Chapter Twenty-Three
Looking at it now, Weston supposed that he should have expected to see his half-sister at the residence of the man she was romantically involved with. Make that the man she was married to, he corrected himself silently. But from the moment he'd reached London, his only concern had been finding Evie.
He had discovered she was missing when she did not come down for breakfast. Eager to see her, to speak with her, to share his heart with her, he'd gone straight to her bedchamber. But when he knocked on the door, she wasn't there. Instead, he'd found Hannah, her lady's maid, in the midst of packing all of Evie's beloved dresses into a traveling trunk. And he'd known, even before Hannah told him, that she was gone.

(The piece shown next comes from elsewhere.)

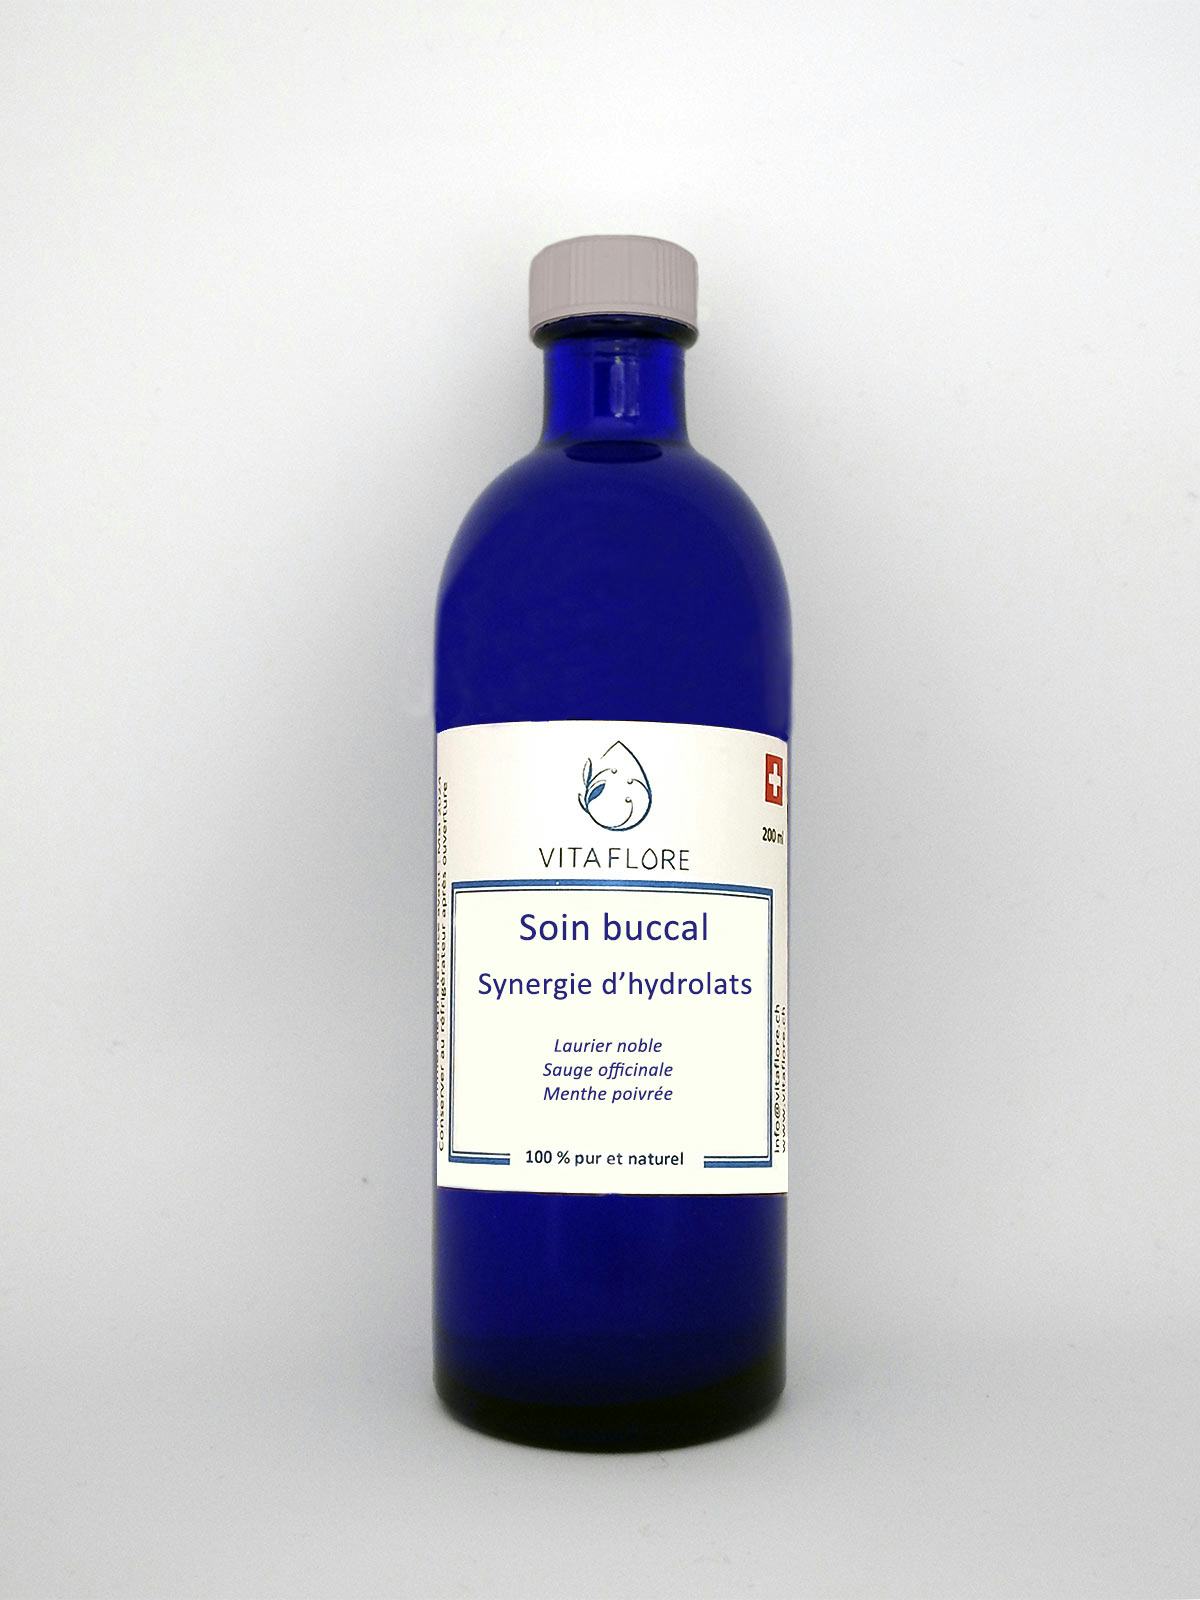 Synergie d’hydrolats – Soin buccal, artisanal product for direct sale in Switzerland

"When?" he'd asked tersely.
"Half an hour ago, my lord," Hannah had replied.
"Did she say anything?"
"She asked me to have her things sent to a boarding house in London, and for me to look after Posy. She…she didn't appear herself, my lord." At that revelation, the maid had ducked her head and spoken to the ground as she mumbled, "I would have gone straight to you or Lady Brynne, but Miss Thorncroft asked for my discretion. I…I wasn't sure what to do." Anxiously, she'd lifted her head. "I hope I did not do anything wrong, my lord."
"The only person who did something wrong was me," he'd said darkly before he spun from the room and ordered the first footman he saw to ready his fastest horse.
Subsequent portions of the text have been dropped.